__PROBLEM TO SOLVE__. A word-for-word copy of the data is what's wanted; pictures stay out of it.

__SUPPLIED MATERIAL__.
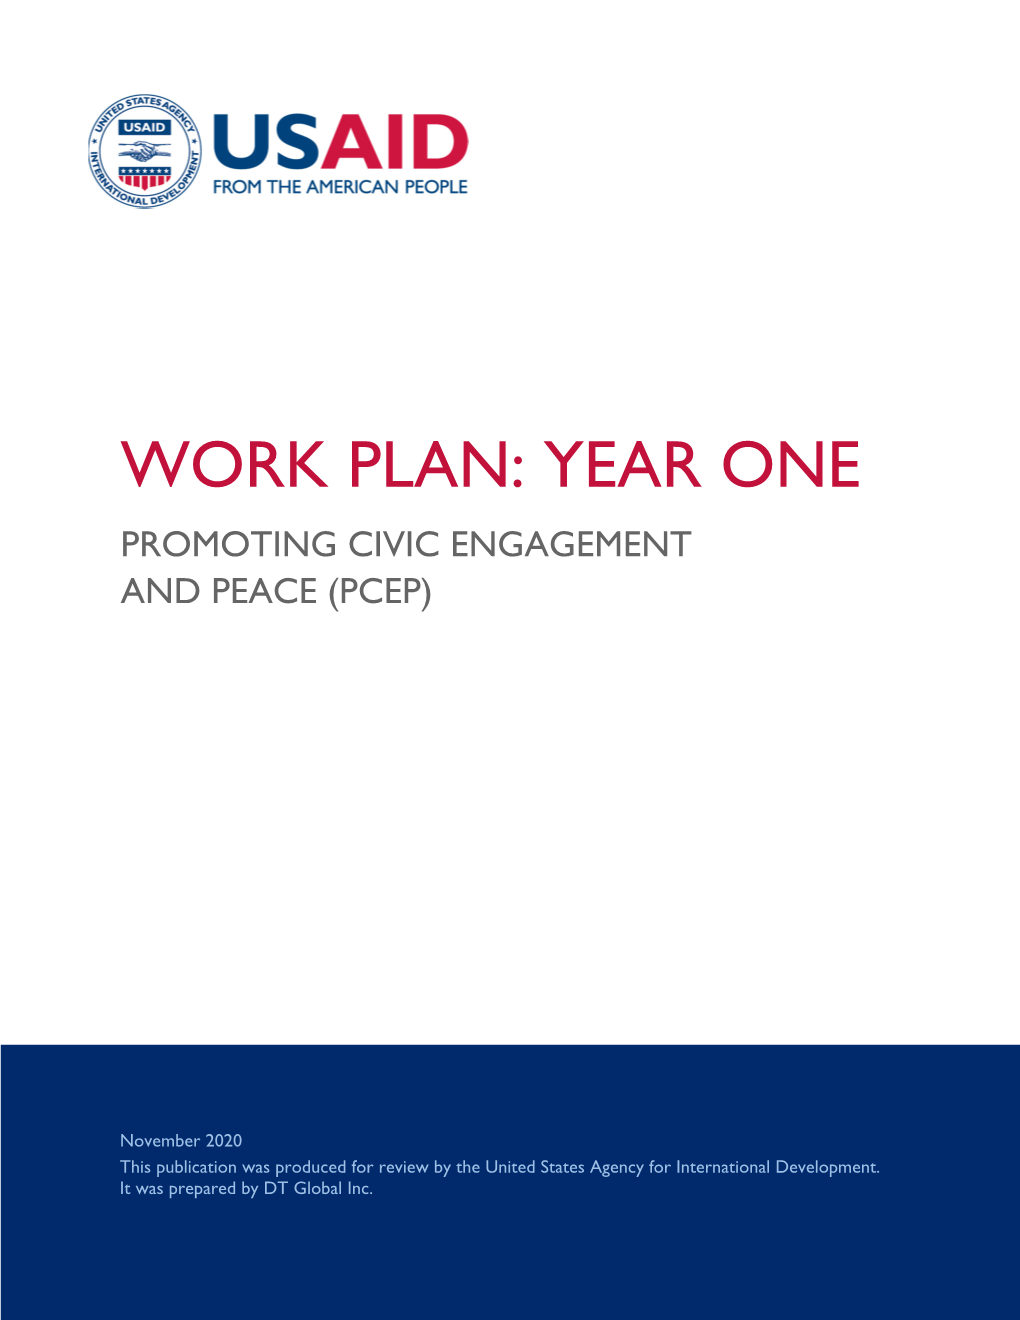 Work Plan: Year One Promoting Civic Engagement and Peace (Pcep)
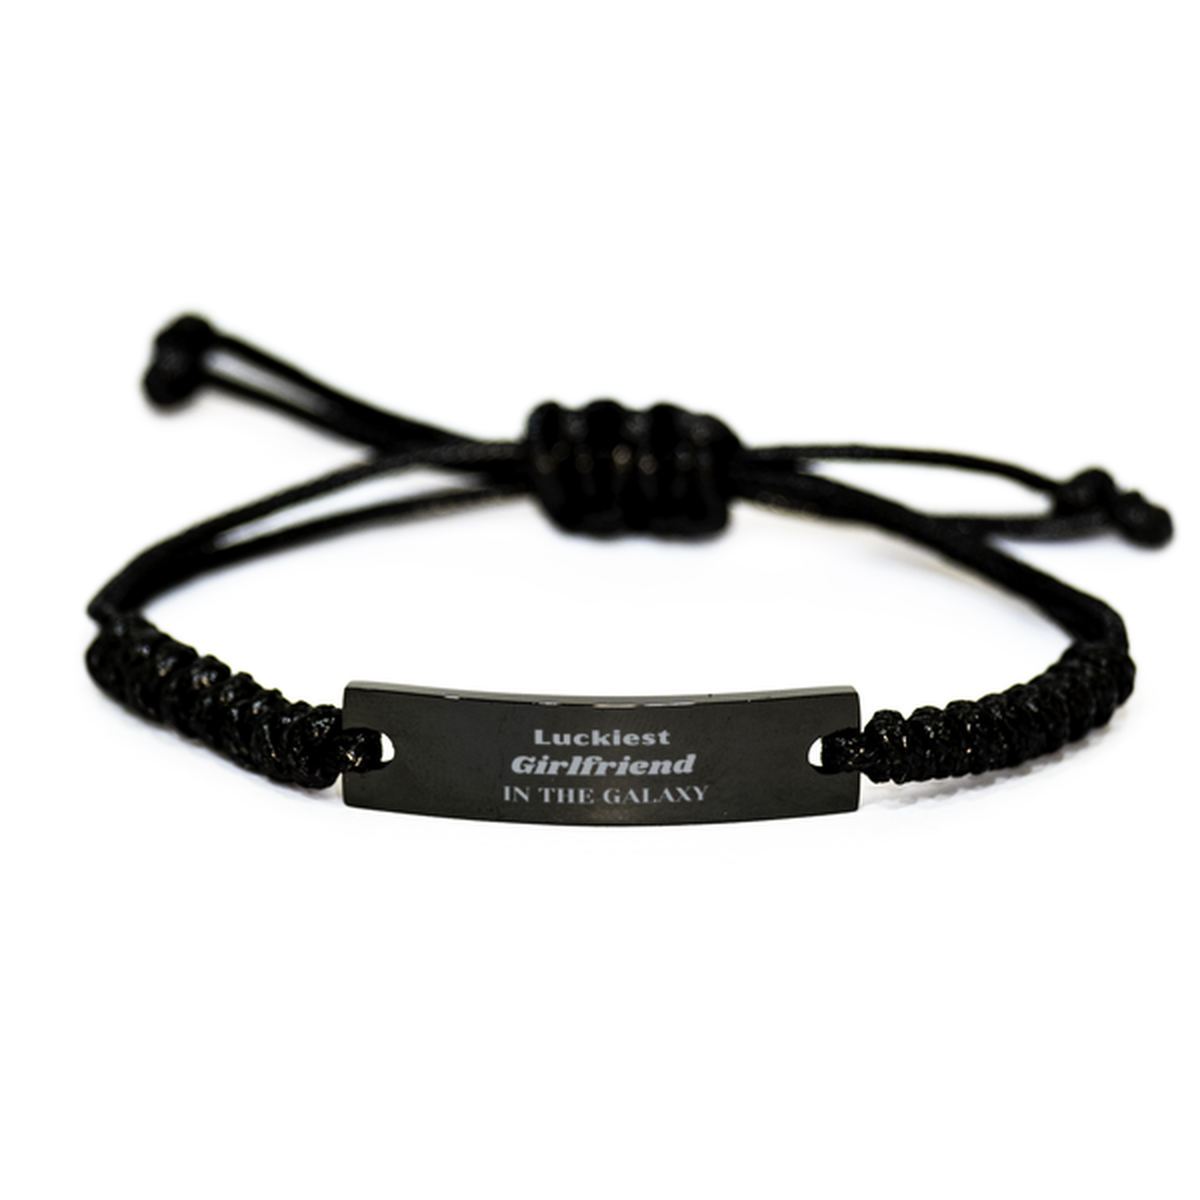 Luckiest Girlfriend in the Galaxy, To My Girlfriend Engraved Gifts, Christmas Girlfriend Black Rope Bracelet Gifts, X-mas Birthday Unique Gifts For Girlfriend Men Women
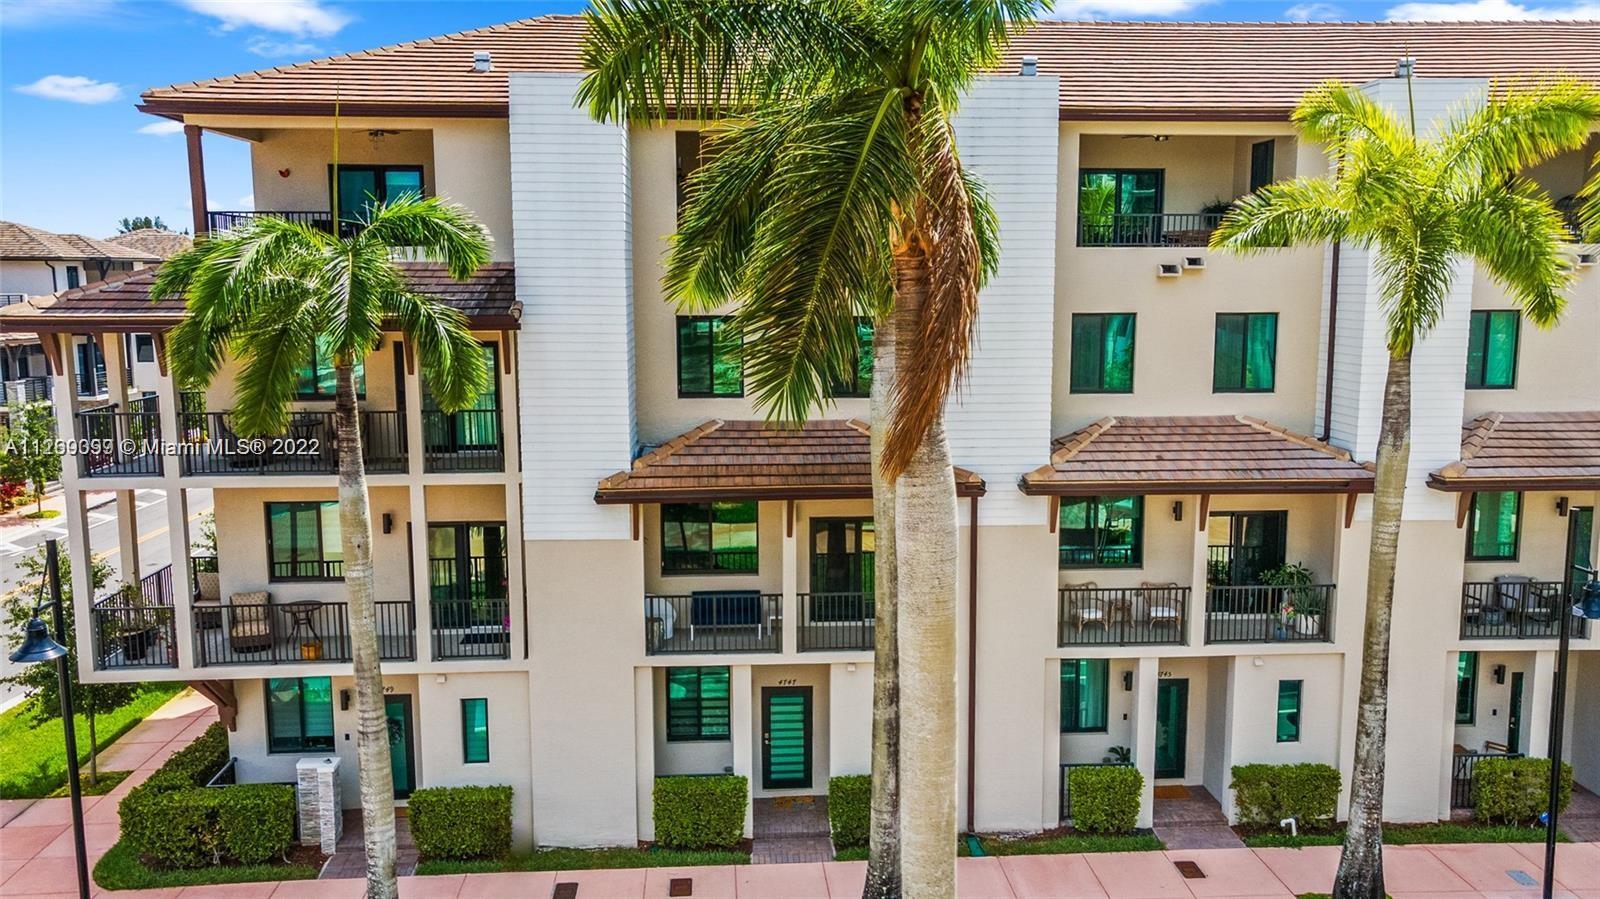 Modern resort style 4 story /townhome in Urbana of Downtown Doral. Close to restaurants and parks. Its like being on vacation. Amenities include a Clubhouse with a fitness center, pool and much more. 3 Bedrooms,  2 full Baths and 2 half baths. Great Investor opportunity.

__RESULT FOR THIS TASK__.
 Work Plan: Year One Promoting Civic Engagement and Peace (Pcep)
 Luckiest Girlfriend in the Galaxy, To My Girlfriend Engraved Gifts, Christmas Girlfriend Black Rope Bracelet Gifts, X-mas Birthday Unique Gifts For Girlfriend Men Women
 Modern resort style 4 story /townhome in Urbana of Downtown Doral. Close to restaurants and parks. Its like being on vacation. Amenities include a Clubhouse with a fitness center, pool and much more. 3 Bedrooms,  2 full Baths and 2 half baths. Great Investor opportunity.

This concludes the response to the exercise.